– Я пытался обчистить его карманы.
– Серьезно? – Она испуганно распахнула глаза.
– Серьезнее не бывает. Мне было двенадцать. Я жил на улице уже около года. Выживал в основном за счет своего ума, воровства, карманных краж, иногда удавалось найти случайную подработку. Иногда ночевал в приюте. В зимний период мы жили в заброшенных многоквартирных домах.
Она вздрогнула в его объятиях.
– Я не могу себе все это представить.
– Но это лучше, чем находиться в приюте, поверь.
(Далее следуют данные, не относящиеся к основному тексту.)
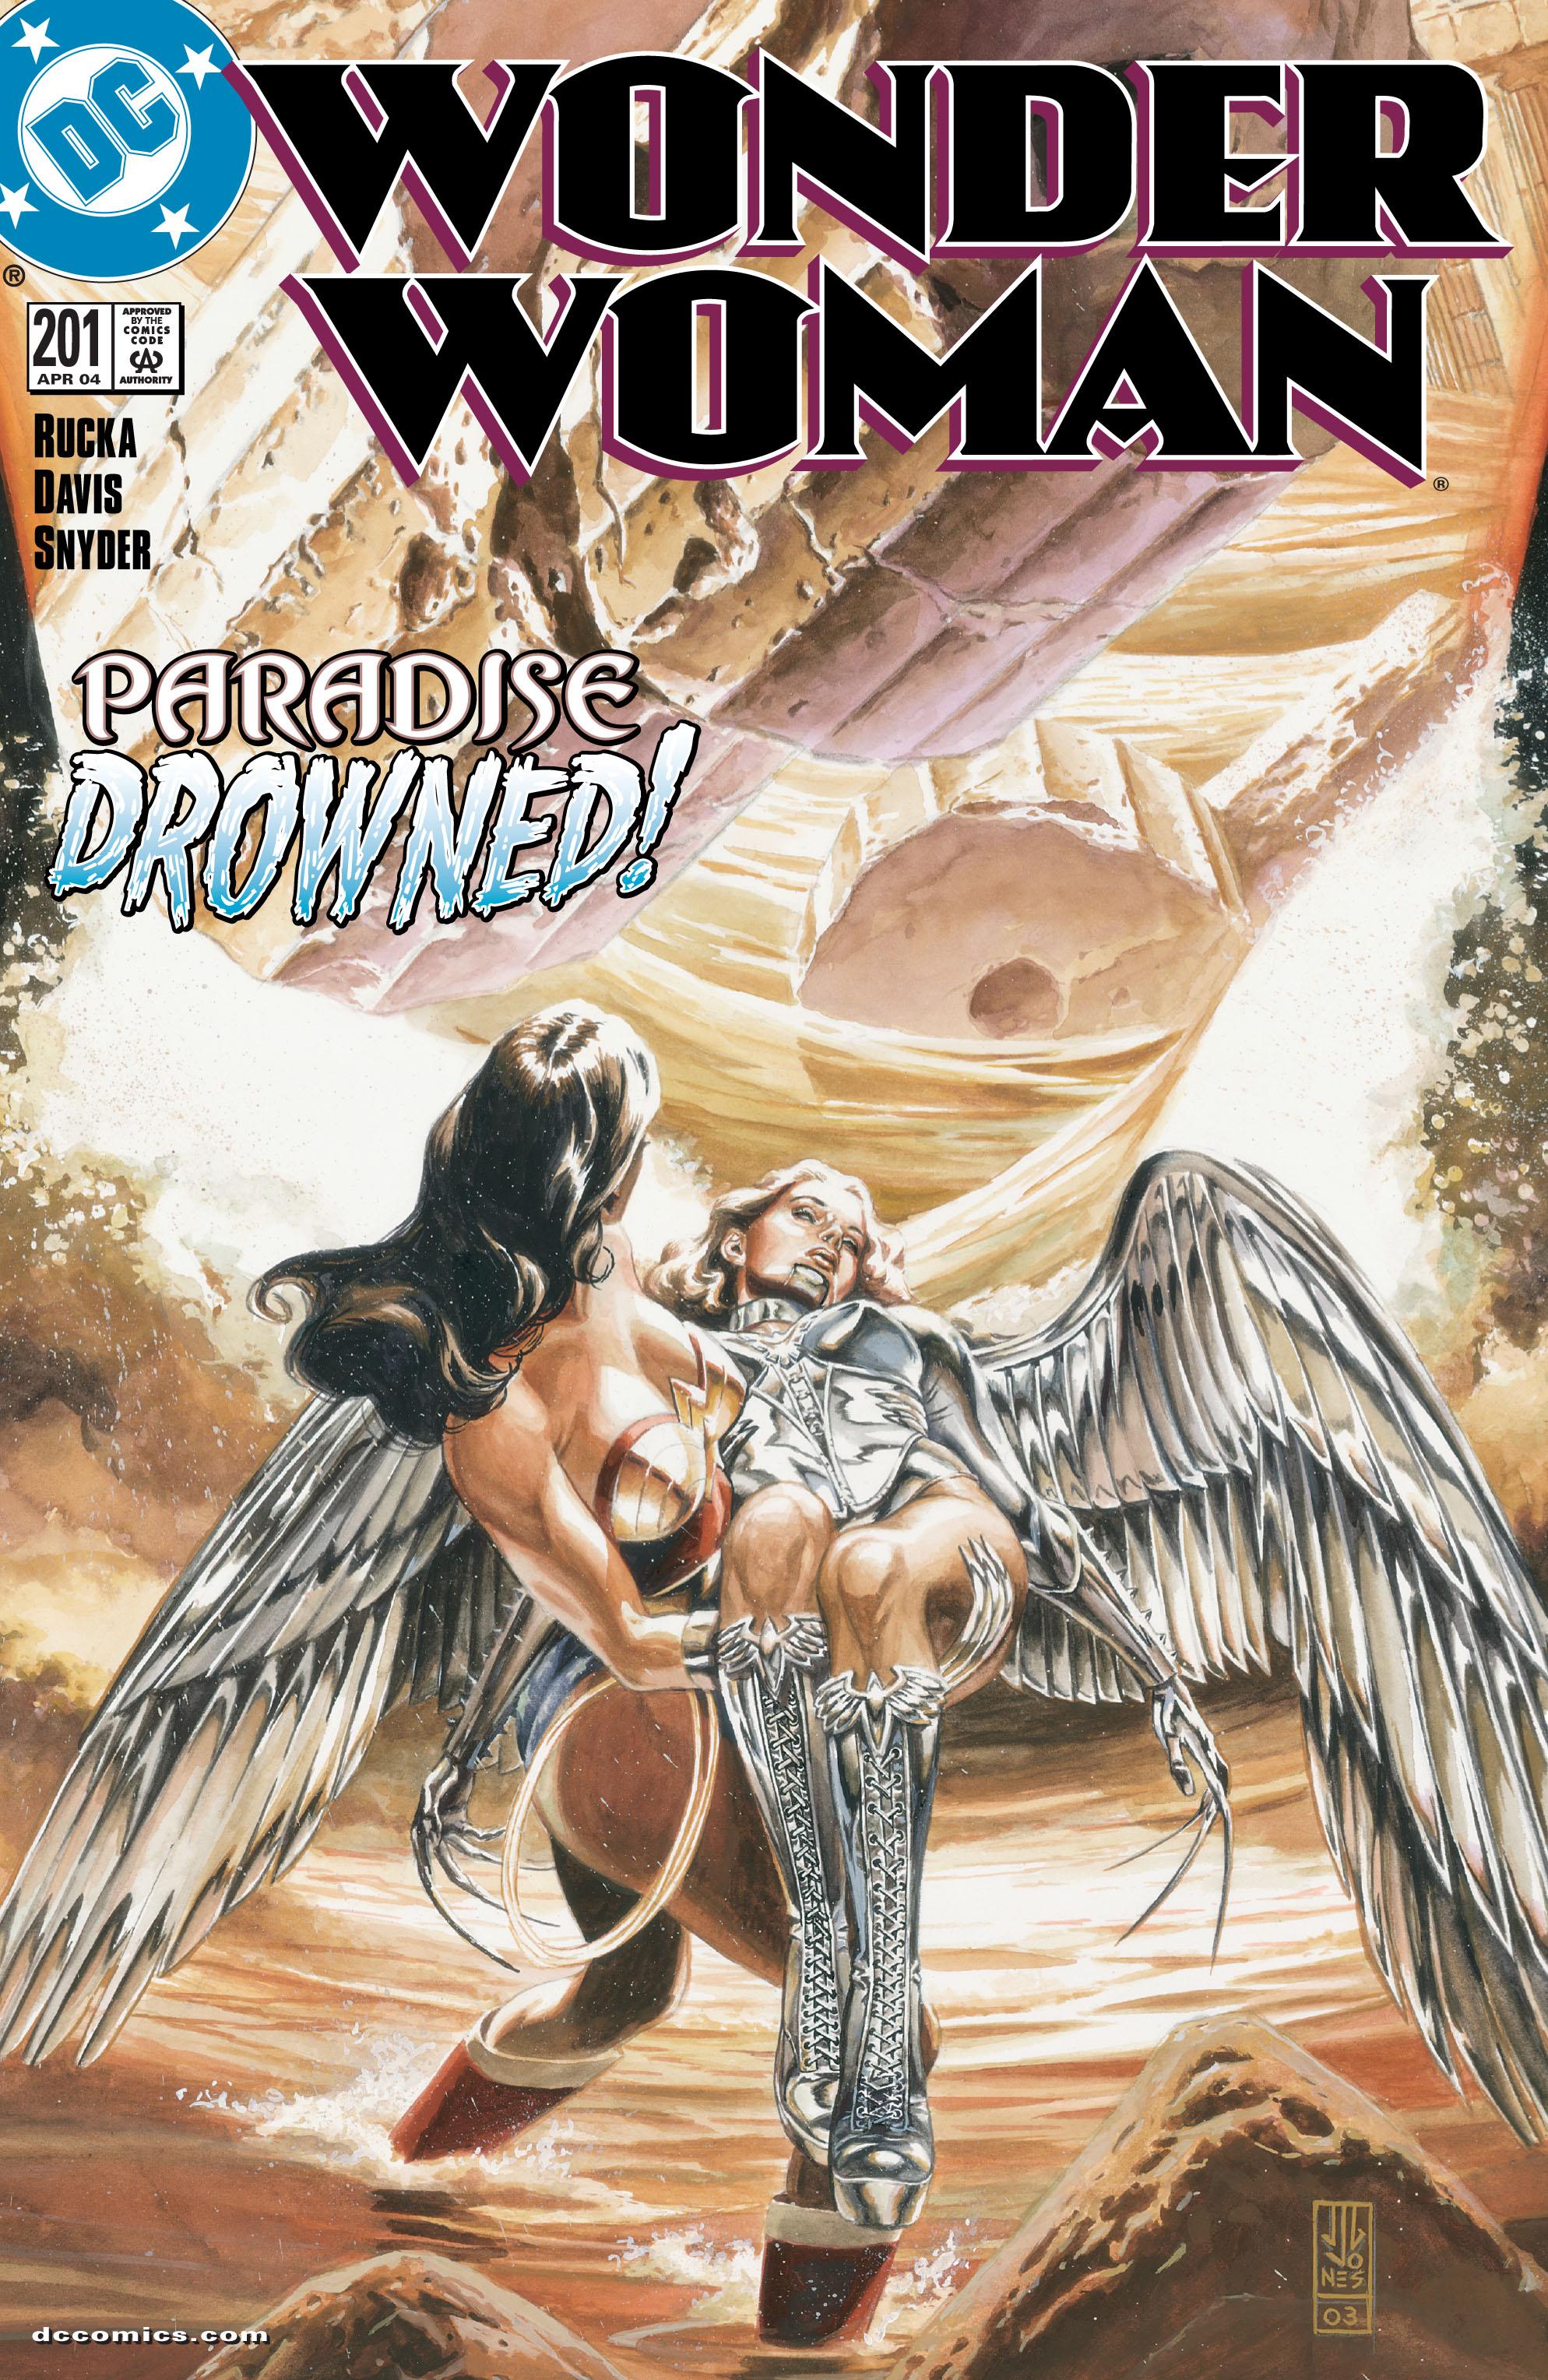 Read online Wonder Woman (1987) comic -  Issue #201 - 1
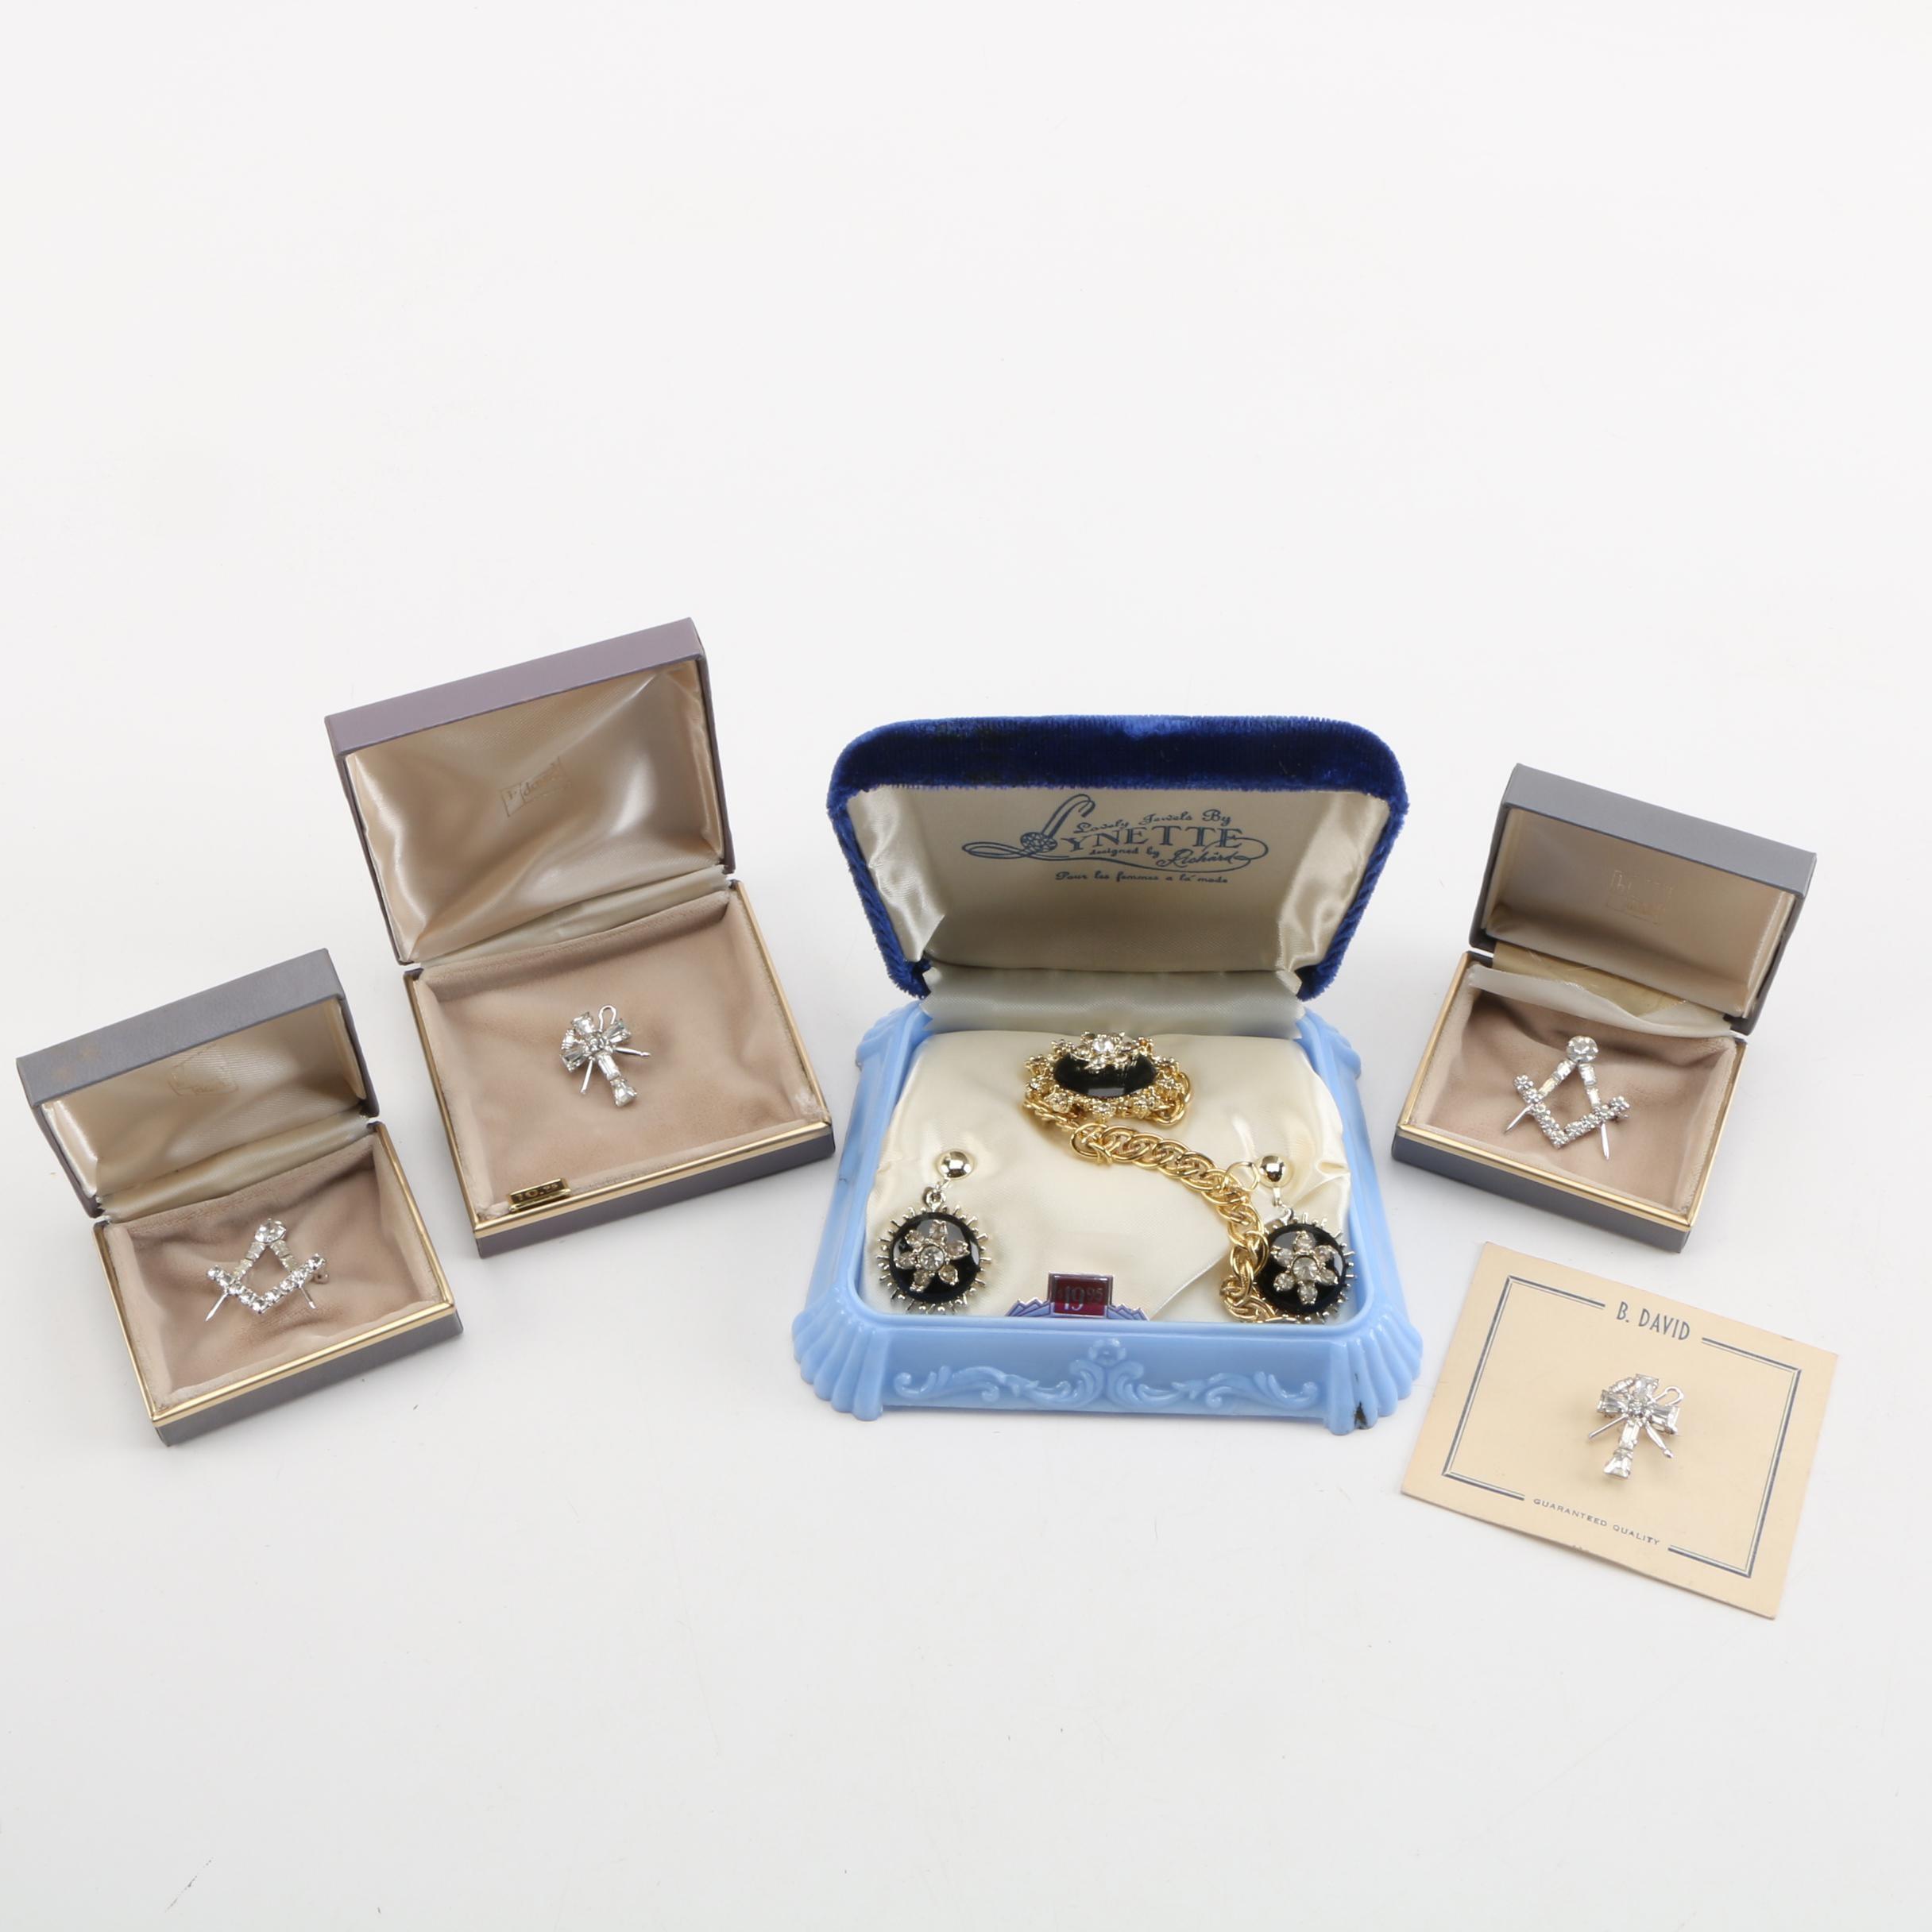 Assorted Decorative Pins

На улице я сам контролировал свою жизнь. В приюте некоторые монахини были добры к нам, другие же получали удовольствие от того, что наказывали, причиняли боль. Я ненавидел приют.
Эмма прижалась покрепче и рассеянно погладила Лоренцо по руке.
– Когда мне было двенадцать, я встретил Бертрано. Ему было за сорок, уже тогда он был успешным бизнесменом. Я помню, каким мягким на ощупь было его кашемировое пальто.
– И что случилось? Он поймал тебя?
– Да, хотя надо сказать, я был хорошим карманником. Он схватил меня за шиворот и начал трясти. Сказал, что отведет в полицию и что я закончу свои дни в тюрьме, если… – Лоренцо замолчал. Благодаря Бертрано он и оказался в тюрьме… Даже сейчас он чувствовал боль.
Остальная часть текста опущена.